• What is needed: Every line from the line containing "God Over All hat" through the end of the data is to be reproduced exactly, excluding pictures.

• Data below:
● ● ● ●
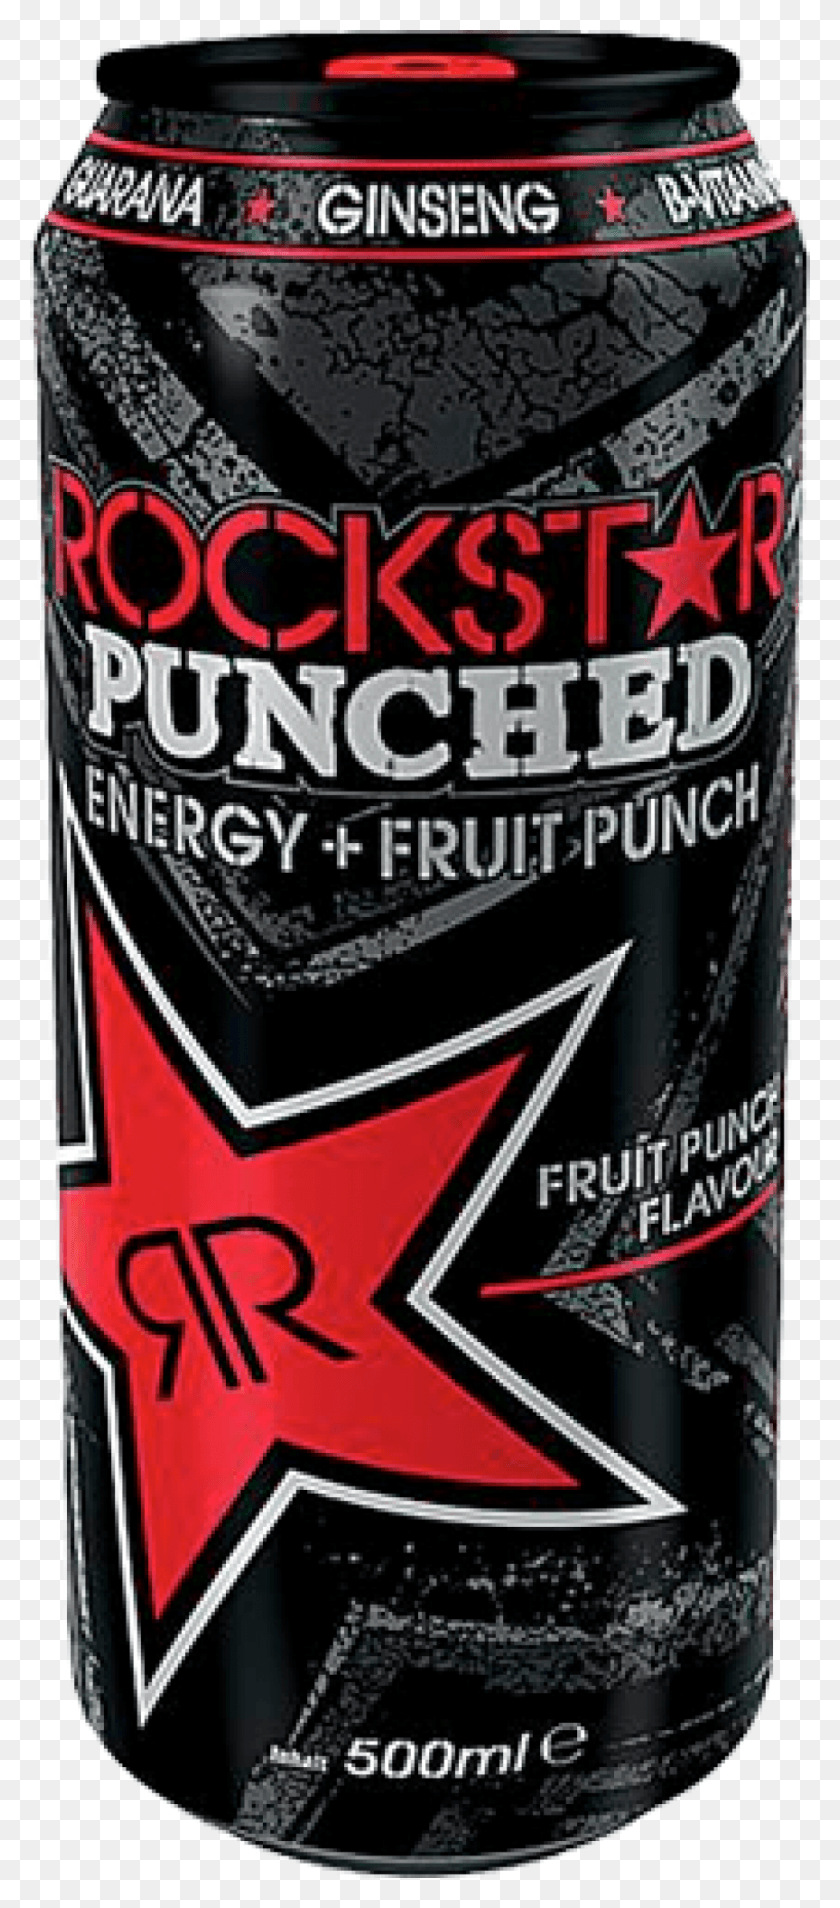 864x2048 Descargar Png Rockstar Punched Energy Fruit Punch 05 Litro Rockstar Fruit Punch, Lata, Lata, Bebida Hd Png
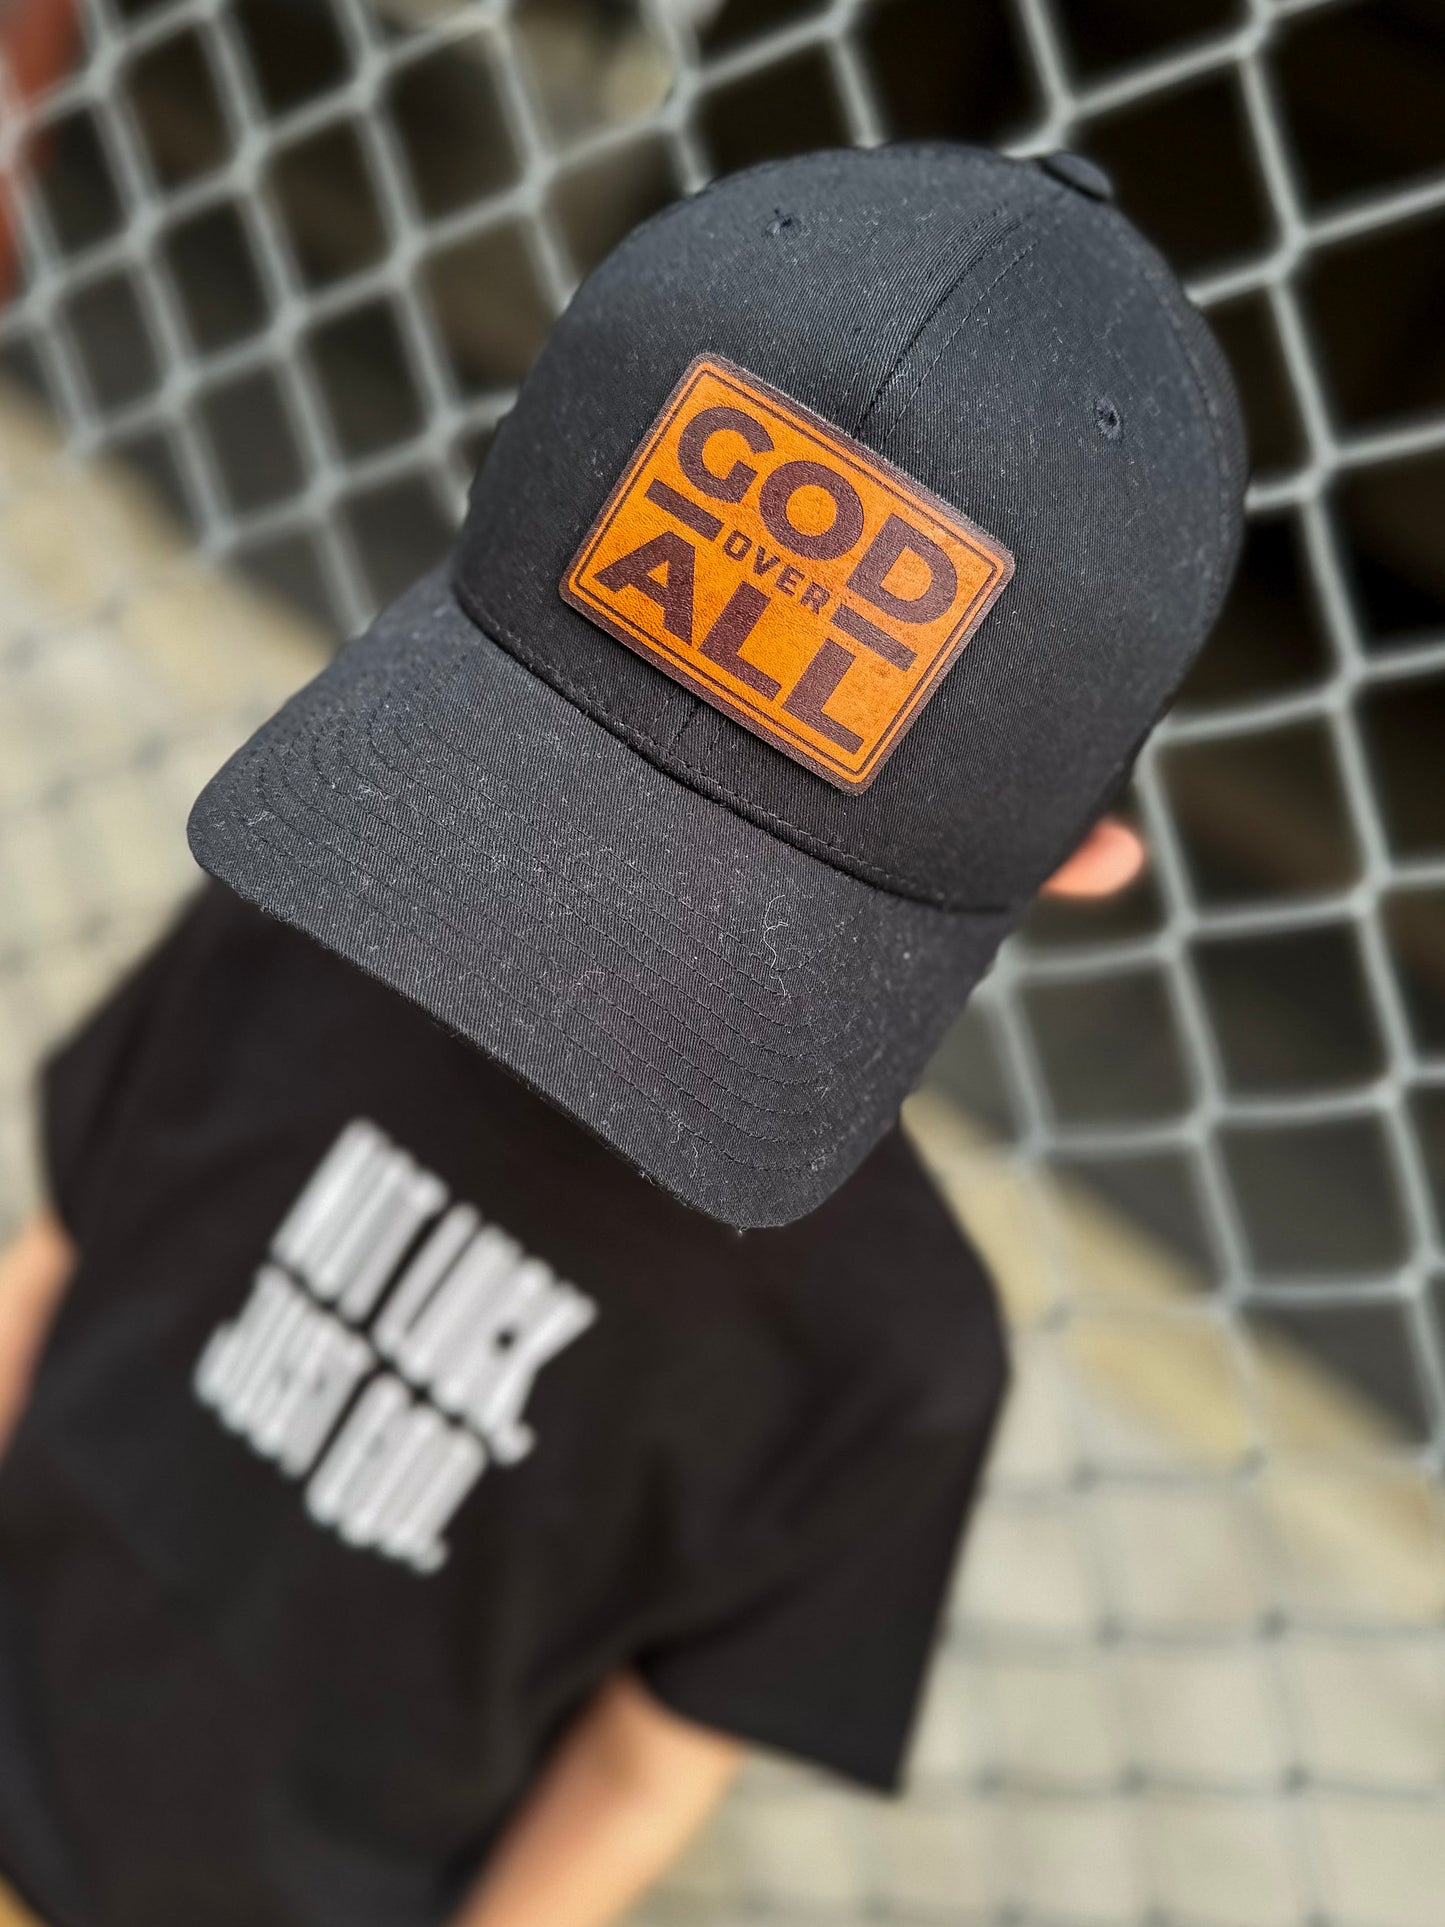 God Over All hat
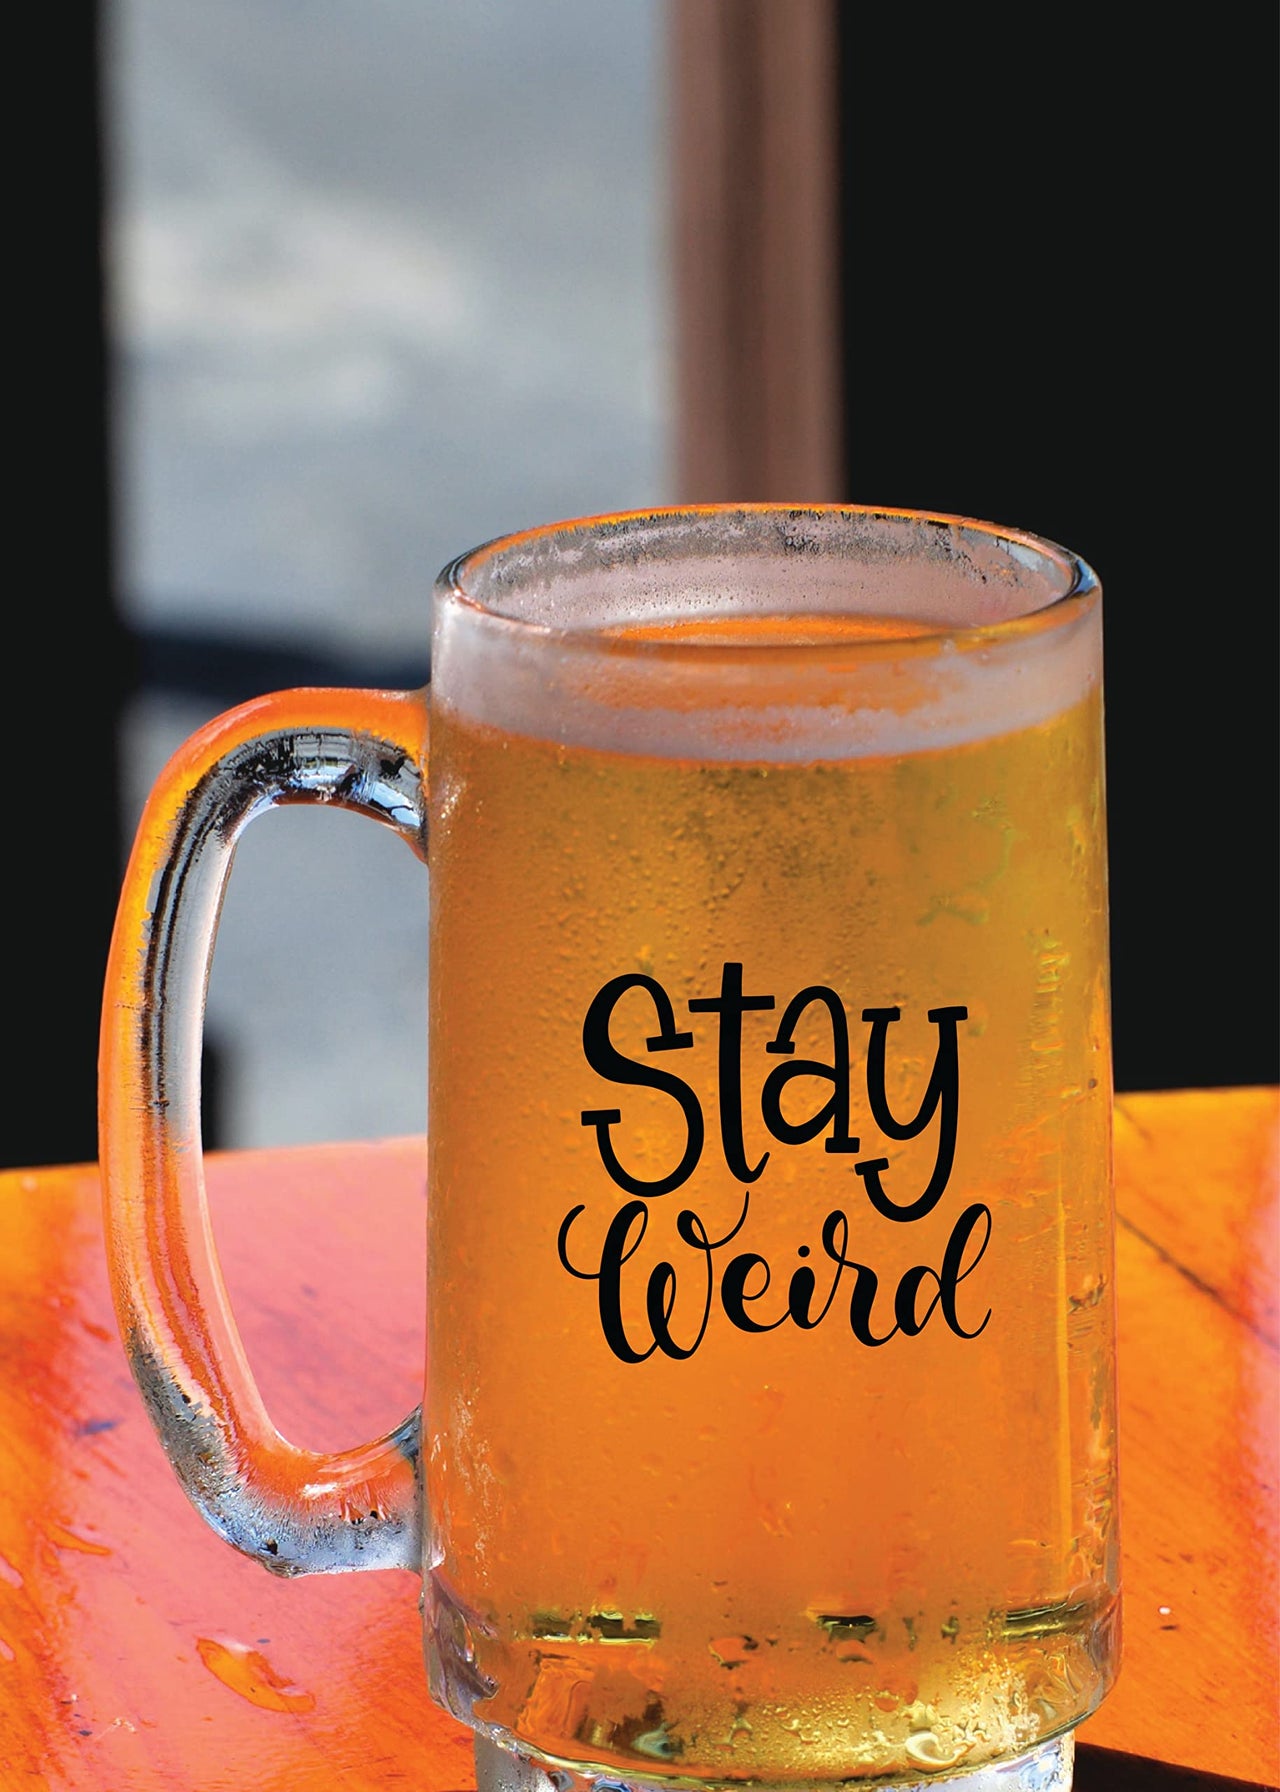 Stay Weird - Beer Mug - 1 Piece, Clear, 500 ml - Transparent Glass Beer Mug - Printed Beer Mug with Handle
● ● ● ●
• Answer below:
 God Over All hat
 Stay Weird - Beer Mug - 1 Piece, Clear, 500 ml - Transparent Glass Beer Mug - Printed Beer Mug with Handle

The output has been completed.